Ich weiss, wie es heisst.
Wie das Wintermärchen, so heisst es,
es heisst wie das Sommermärchen,
das Dreijahreland deiner Mutter, das war es,
das ists,
es wandert überallhin, wie die Sprache,
wirf sie weg, wirf sie weg,
dann hast du sie wieder, wie ihn,
den Kieselstein aus
der Mährischen Senke,
den dein Gedanke nach Prag trug …
Paul Celan, ‘Es ist alles anders’
what is it called, your country
behind the mountain, behind the year?
I know what it’s called.
Like the winter’s tale, it is called,
it’s called like the summer’s tale,
your mother’s threeyearland, that’s what it was,
what it is,
it wanders off everywhere, like language,
throw it away, throw it away,
then you’ll have it again, like that other thing,
the pebble from
the Moravian hollow
which your thought carried to Prague …
Translated by Michael Hamburger
‘What are you going to do now?’
‘Don’t know. Go to Africa.’
Robin had his arms about me and behind him I could see the mecca of dirty-black and nebulous South-East London high-rises.
We were on the eleventh floor of a high-rise.
As he held me, I was touching in my mind the great naked statue of David in Florence I’d travelled to once from University College, Dublin, having climbed steps to it, finding it wet from November rain.
I was in the same gesture with Robin as I’d been with a girl two weeks before, in a high-rise in Catford, who’d had the sudden inspiration to try to change my sexuality. A teacher from the polytechnic I had worked in part-time, she had stood, naked from the waist up, for this embrace. I was wearing a white sleeveless vest which had a theatrical ancientness. The woman who held me was from Antrim.
She’d told me that night about a young boy with a tattoo showing a gentian-violet swallow bearing a bunch of pink roses on his right arm. She used to sleep with him on the beaches of North Antrim the previous summer. He’d run around at night in the full regalia of the IRA, come home in the small hours when his mother would be waiting to give him a box on the ears. One night he went out in his regalia to inspect a place where he knew Semtex to be buried and was shot dead by the British Army.
Robin had a semi-troglodyte face that always looked as if it was going to apologize for something, sable curls barely held back from it. His cheeks had a high violet colouring and he had large lips, the lower lip always pulsating a little, which had been sealed by many people, men and women.
His mother had called him Robin because he was born in the year Robin Lee Graham had sailed from South Africa to California and to remind them all there was a photograph over the piano in Pulvensey showing Robin Lee Graham with sun-kissed hair holding up a dorado fish.
The cassette player was playing a Marvin Gaye song:
Has anyone seen my old friend Martin?
Can you tell me where he’s gone?
He freed a lot of people but it seems the good die young.

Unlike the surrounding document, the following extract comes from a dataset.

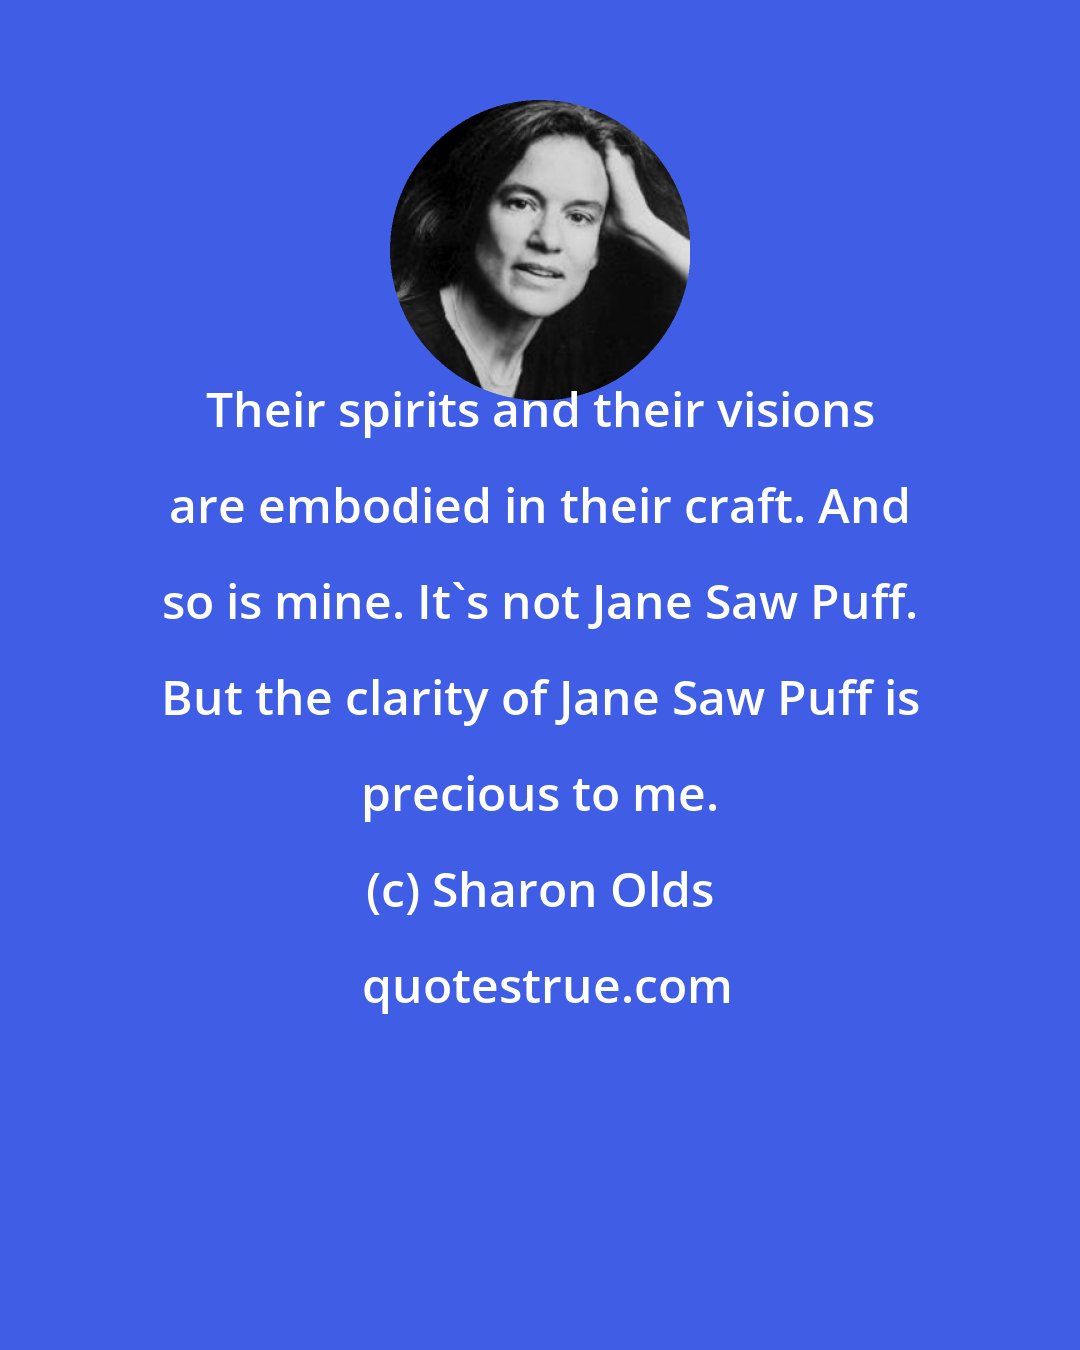 Sharon Olds: Their spirits and their visions are embodied in their craft. And so is mine. It's not Jane Saw Puff. But the clarity of Jane Saw Puff is precious to me.

I just looked around and he’s gone.
From the corner of my eye, reflected in a mirror, I could see a buff-coloured dole card beside a few tubes of oil paint. The flat belonged to a friend of Robin’s. We had spent the night here, sleeping on mattresses a few feet away from one another because Robin was covered in spots he’d gotten from sleeping with a girl on the heath in Pulvensey. She had tried to kill herself when he wouldn’t intensify the relationship, slashing her wrists, was put in the mental hospital in Norwich, dyed her hair cowslip-pale and alizarin and haze-blue and escaped in a diseased bituminous fur coat, taking the boat to France.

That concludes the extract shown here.